Pruning in Preparation for the Harvest
#TransparentMoment: I’m a hoarder.
Not of “stuff”—like the buttons from the costume from my starring role in the 5th grade play; or every-single-one of my report cards from 1st grade (which my mom still has, by the way)—but of people.
I have a hard time letting go of the people in my life—even if it’s quite obvious that the season for our connection has passed and I’m no longer receiving anything positive out of the relationship. Because I value every person that I’m connected to in a deep way—be it friendships, romantic relationships or family—when the time for the relationship to come to an end arrives, I find myself holding on and sticking around. I hoard.
After all, how in the world could this person NOT be a part of my life anymore? We shared great laughs, cried together, prayed together and spent quality, memorable times together. They helped me through crises and I picked them up when they had fallen—hard. We used to talk all the time and every time we got together it was as if there had never been any gap in time and we picked right up where we left off.
How in the world do you let go of someone who was such a large part of your world?
Then while taking care of my house plants, it hit me. I was trimming some of the low-hanging, older leaves in order to allow room for the new sprouts that needed room and light to grow. At that moment I saw it.
In order for us to grow, there has to be a time of pruning. There’s not enough room for the all the people who have been close to us to come along in the next phase of our journey.
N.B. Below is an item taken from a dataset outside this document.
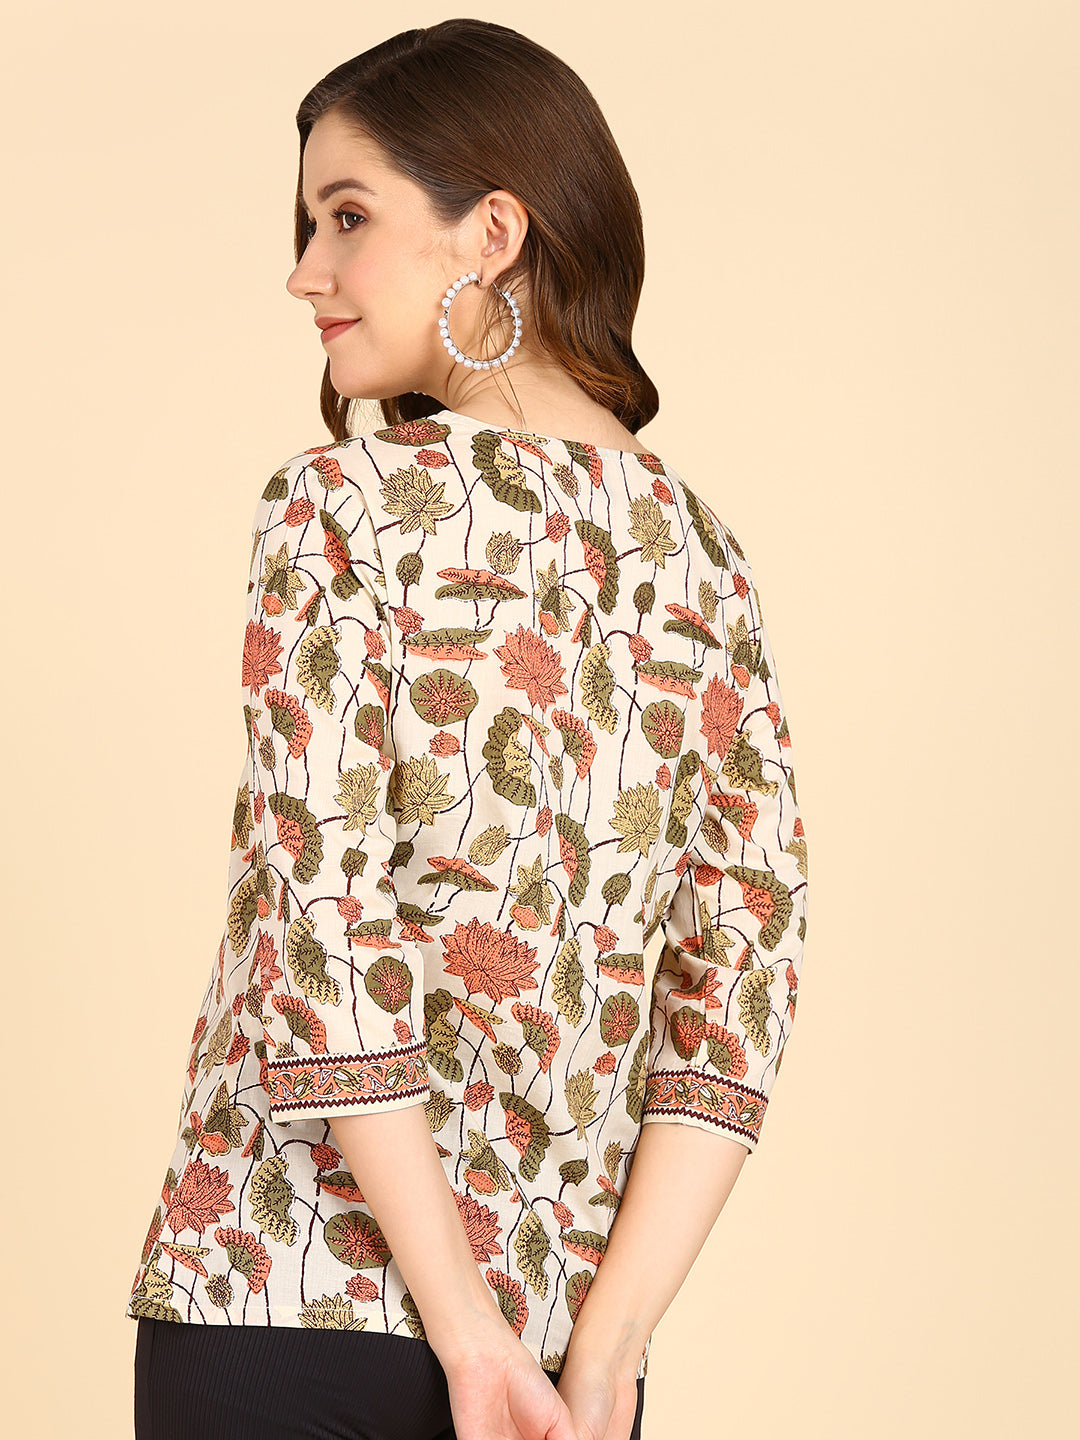 Floral Printed Cream Top With Front Border Deatails

If we never purge or prune what we carry, then there will never be room for anything—or anyone—new.
People always talk about sowing into good ground so that you can reap abundantly during the time of harvest. That’s true. But what they seldom mention is the pruning and shedding that’s required in order to make room for what’s to come.
As much as we’d love to, we can’t take everyone with us on every new level of our journey and not everyone is going to fit into the new way of “being” that you will grow into during your time of harvest.
Does that mean that all of these relationships will end badly? Absolutely not. Some of them will just fade away. Calls will become less frequent; the time between texts lengthens and they don’t show up in your social media feed as much. But instead of looking at this falling away as a time of sadness; see it for what it is—a natural pruning that presents an opportunity for you to welcome the harvest of abundance that is coming your way.